**TASK TO COMPLETE**
No pictures go into the copy. Write out exactly the lines below from the one containing "Фото девушек в" through the one containing "Fotel z aksamitu".

**RECORDS SUPPLIED**
========

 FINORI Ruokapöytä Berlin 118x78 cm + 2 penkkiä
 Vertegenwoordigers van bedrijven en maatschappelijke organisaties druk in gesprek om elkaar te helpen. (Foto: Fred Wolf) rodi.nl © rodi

========

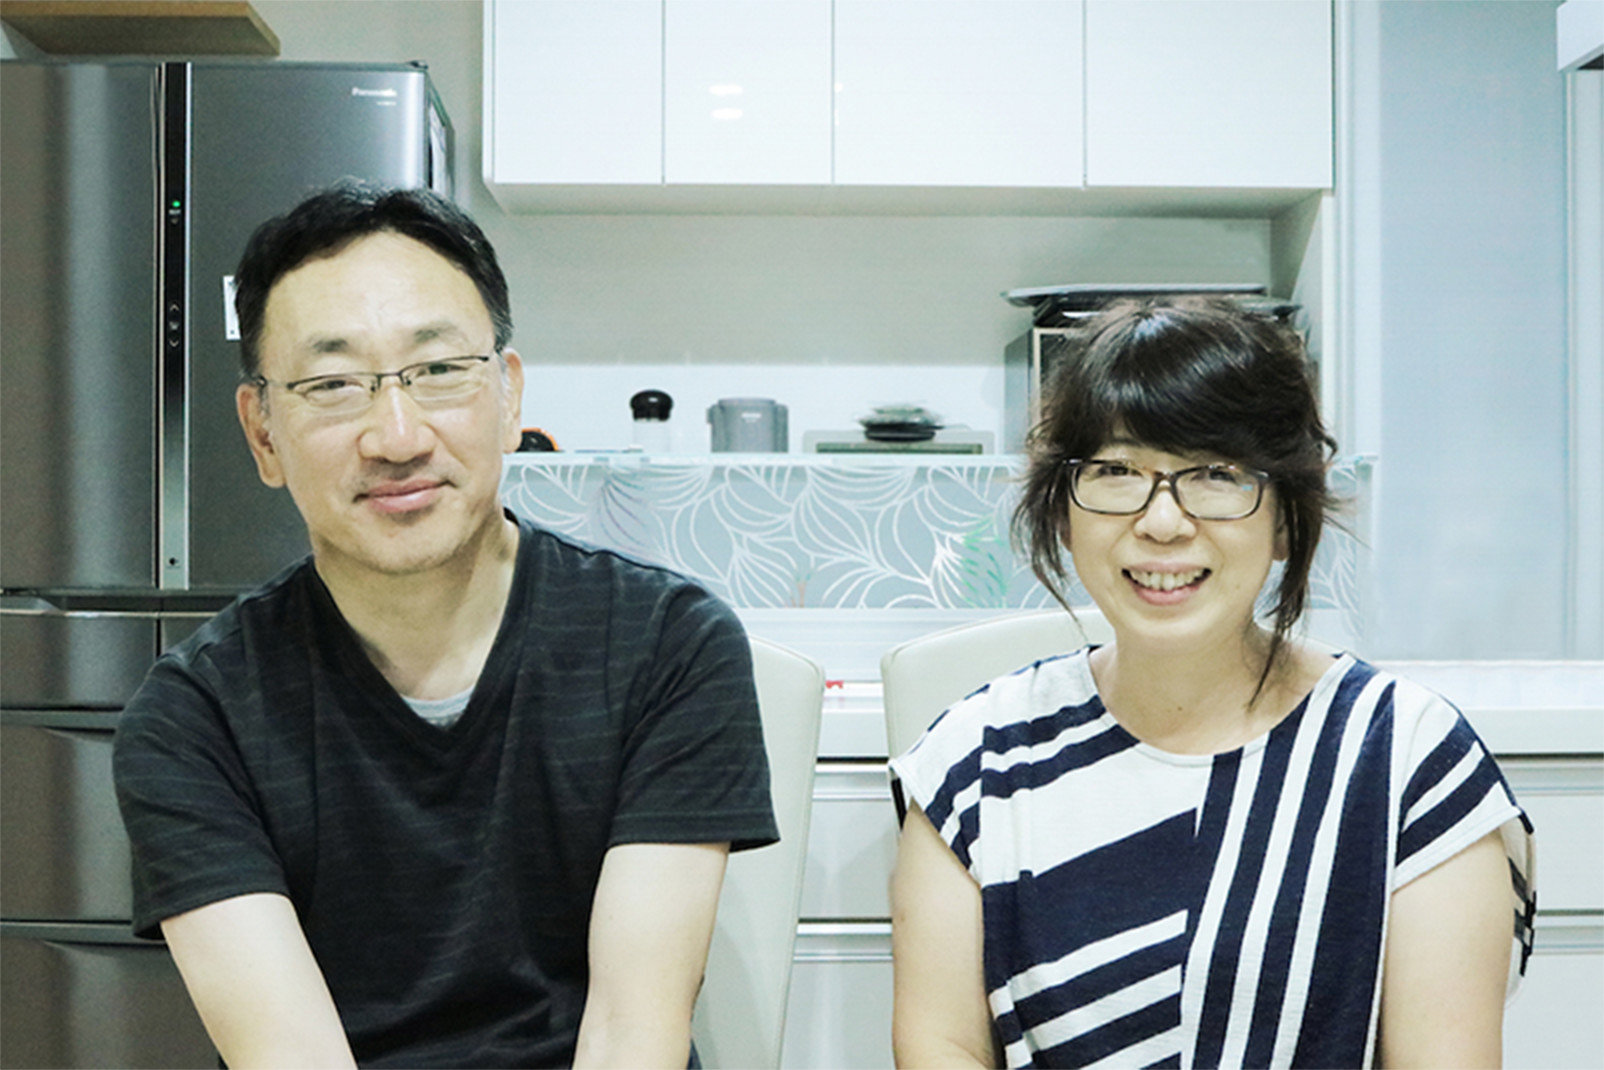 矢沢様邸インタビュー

========

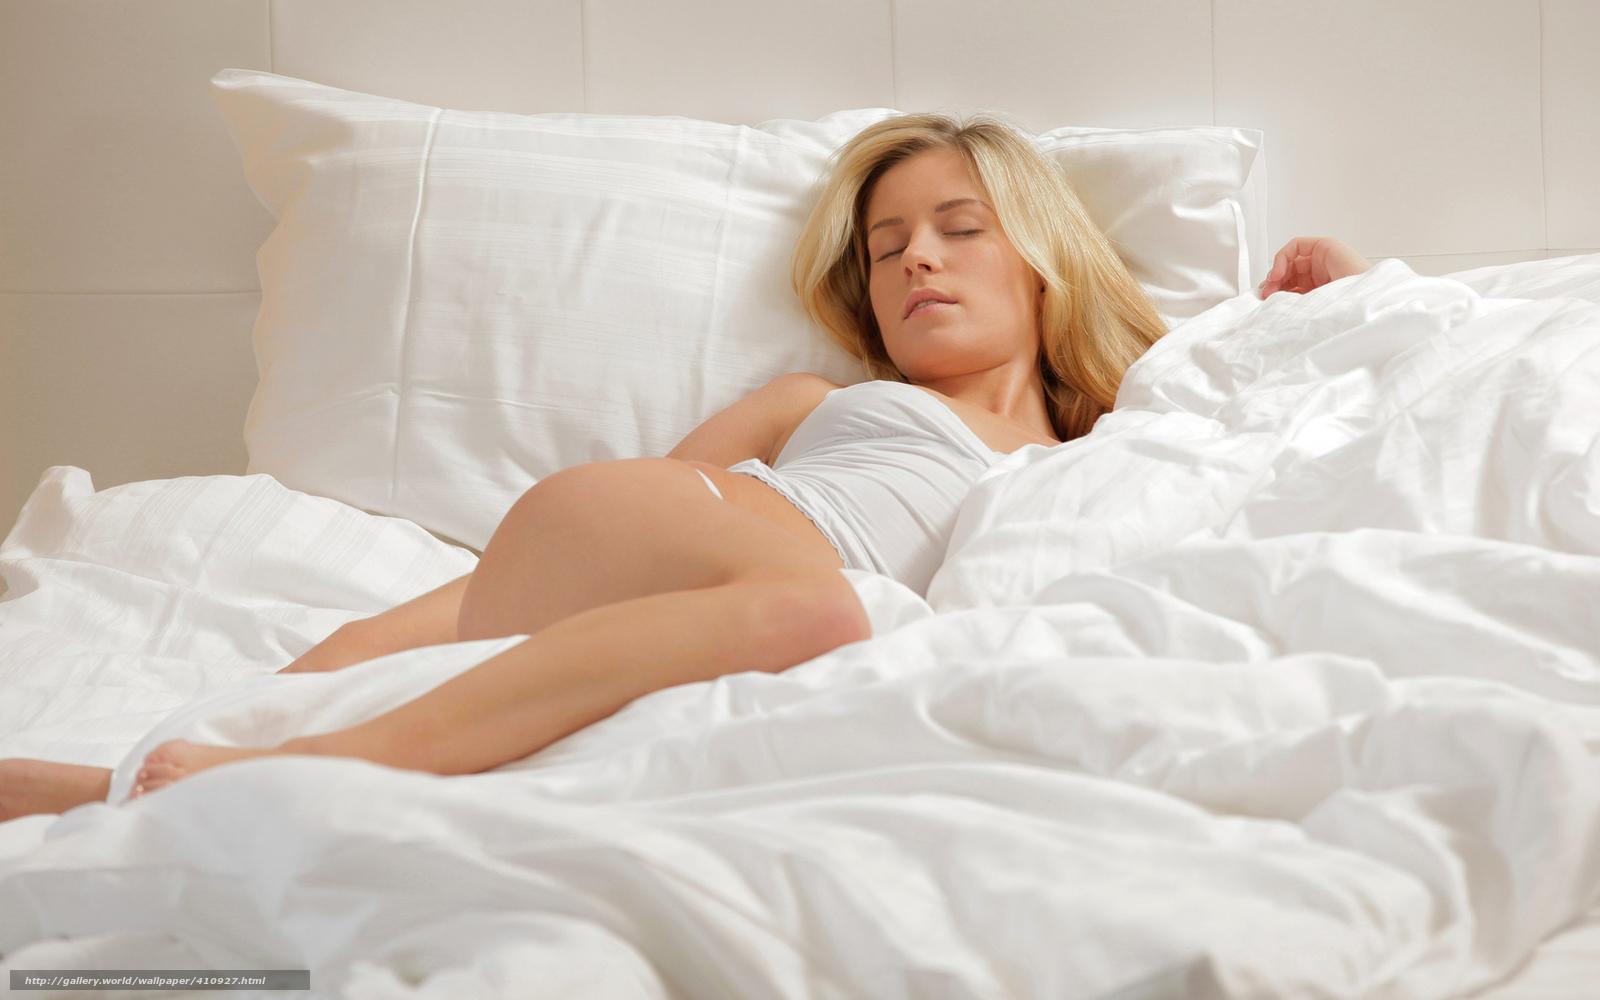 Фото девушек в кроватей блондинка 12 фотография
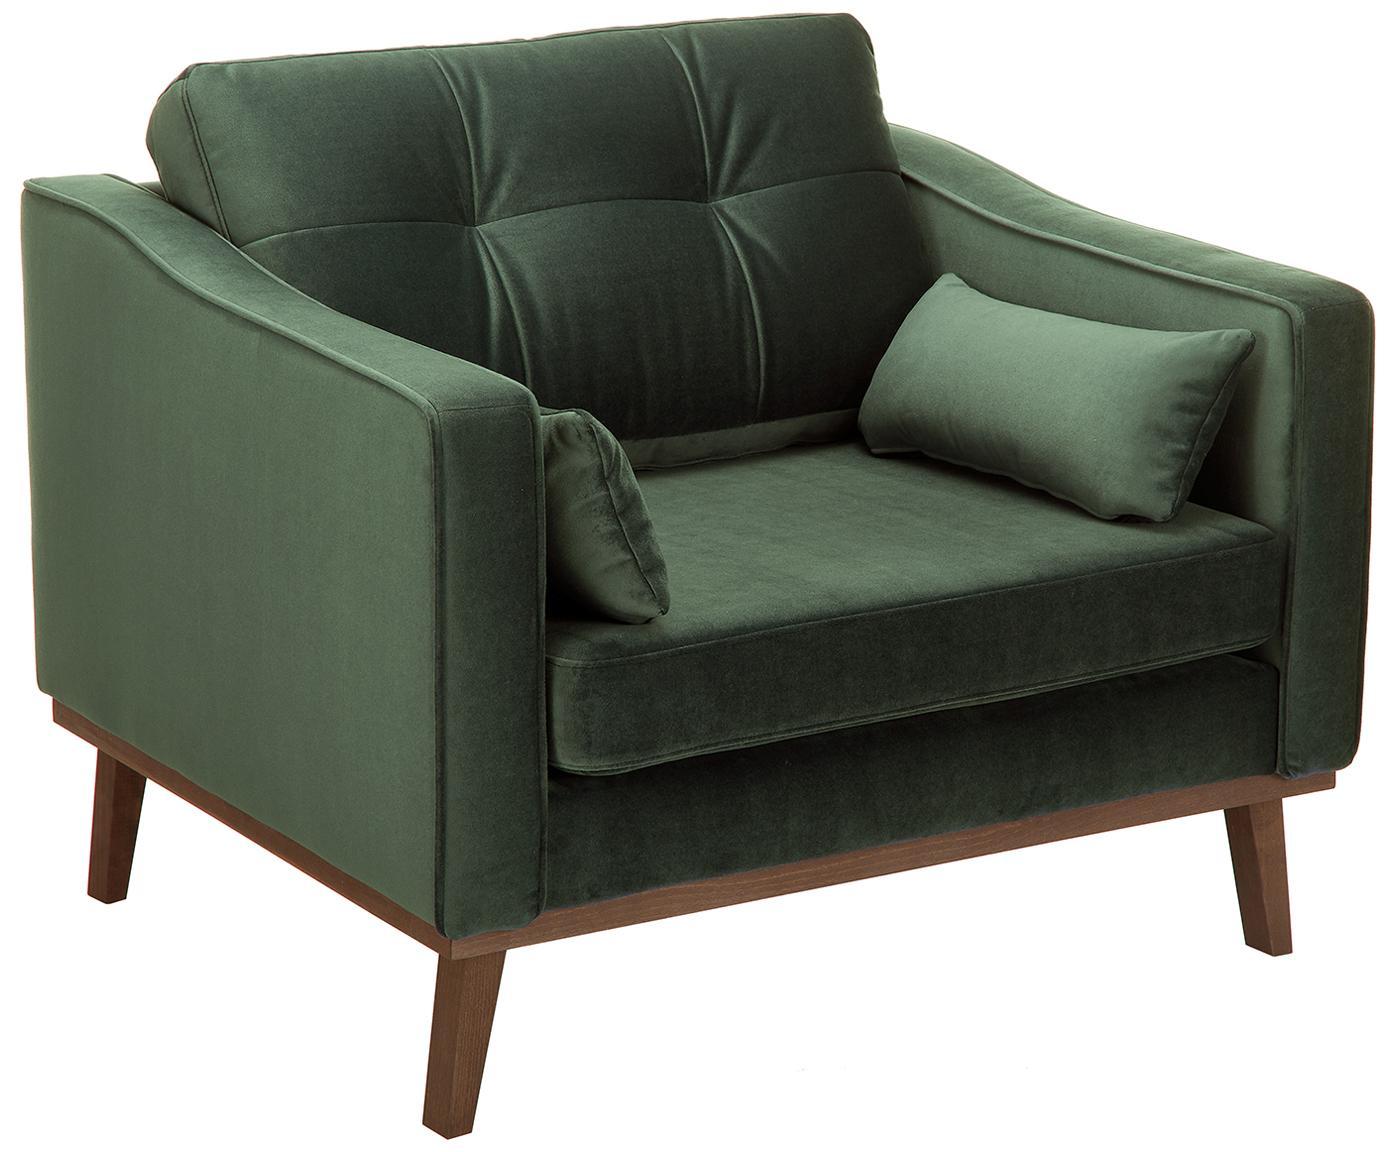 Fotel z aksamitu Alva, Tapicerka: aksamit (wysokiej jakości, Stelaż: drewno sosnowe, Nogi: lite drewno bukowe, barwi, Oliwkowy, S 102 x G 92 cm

========

**RESPONSE TO THIS TASK**
 Фото девушек в кроватей блондинка 12 фотография
 Fotel z aksamitu Alva, Tapicerka: aksamit (wysokiej jakości, Stelaż: drewno sosnowe, Nogi: lite drewno bukowe, barwi, Oliwkowy, S 102 x G 92 cm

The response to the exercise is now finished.